We see an image of someone all black, head-to-toe, in a featureless mask, on top of the roof. The color seems to be changing – probably tech. It’s a quick-dissassemble into a pouch, and he’s down, not presenting a target, and moving very quickly.

The Commander hits Zephyr with some quick Physician, and brings him from “basically crippled” to “only down 1 HP.”

The Commander watches all of his buddies tear off after the guy on the roof, and fires three rounds at him. The target pulls a Neo and dodges the shots. Ian puts his rifle away.

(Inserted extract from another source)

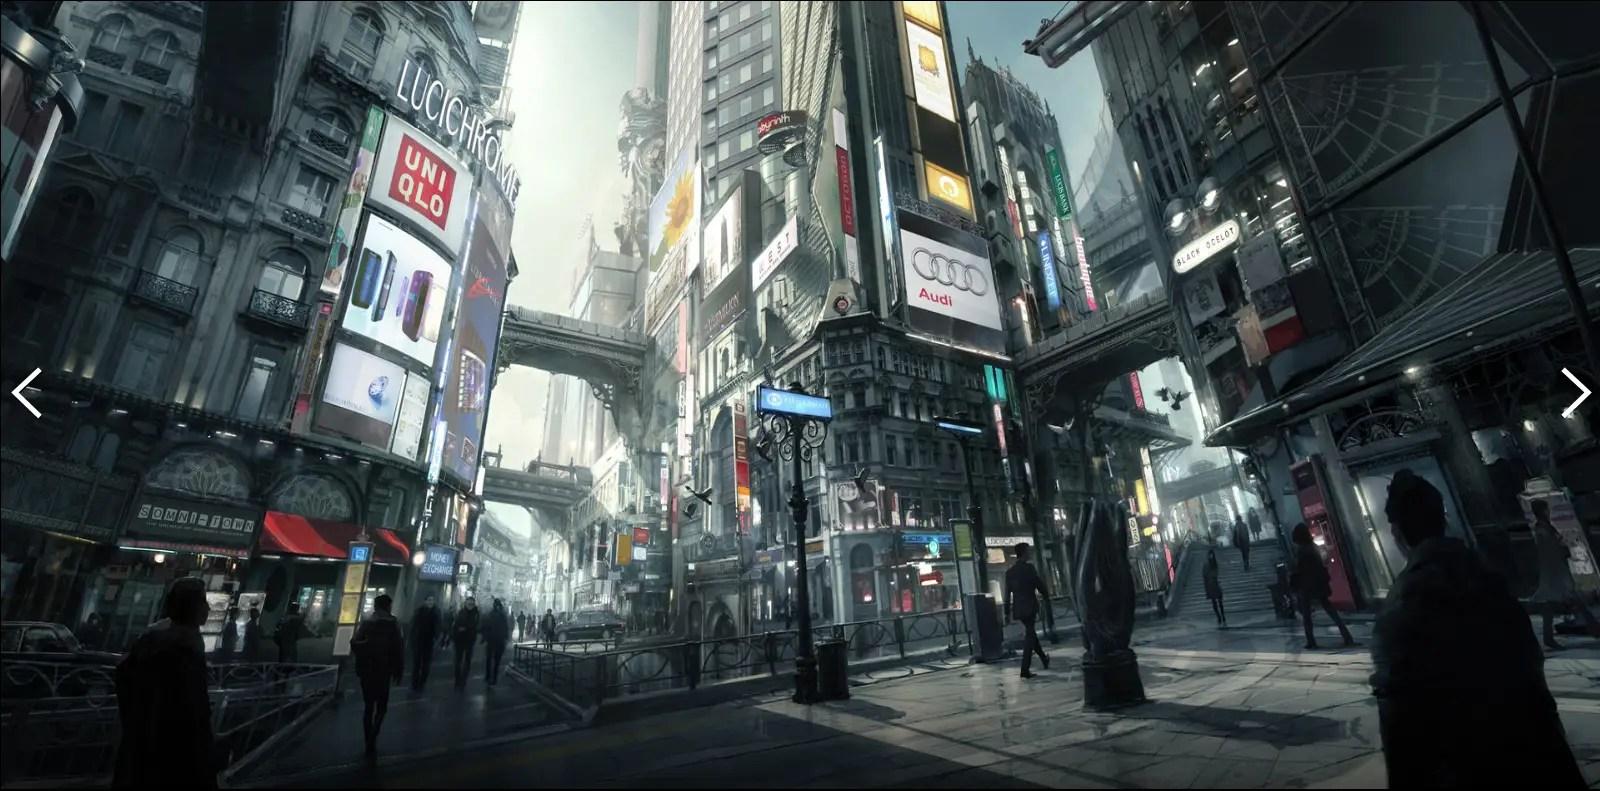 Dr Dre Wallpaper Hd Kingsglaive Final Fantasy Xv Detailed In New Concept Art

Zephyr and Rat Queen are on the scene. Rat Queen goes after the target as a swarm, as an area of effect. She does minimal damage to him (armor), but nibbles his pack with the gun in it away. He is actually outrunning the swarm, which is Move 18.

The group on the roof has to roll HT-10 for some reason; Commander makes an Observation roll by 14 – the guy drops something, launches himself off the building, and then shimmers and disappears. Zephyr and Rat Queen both get hit with a binding . . . and their clothes start melting. Acid spiderwebs. Yuck.

Rat Queen detects scent – and gets the ‘no smell’ scent that hunters use. Zephyr opens the bag. There’s a disassembled .50 caliber rifle in there, the Marine version of it. 

We end there. 

Game End: 00:30 April 2, 2016

We quickly decide on MVP for this session. We hit up Eamon for the research.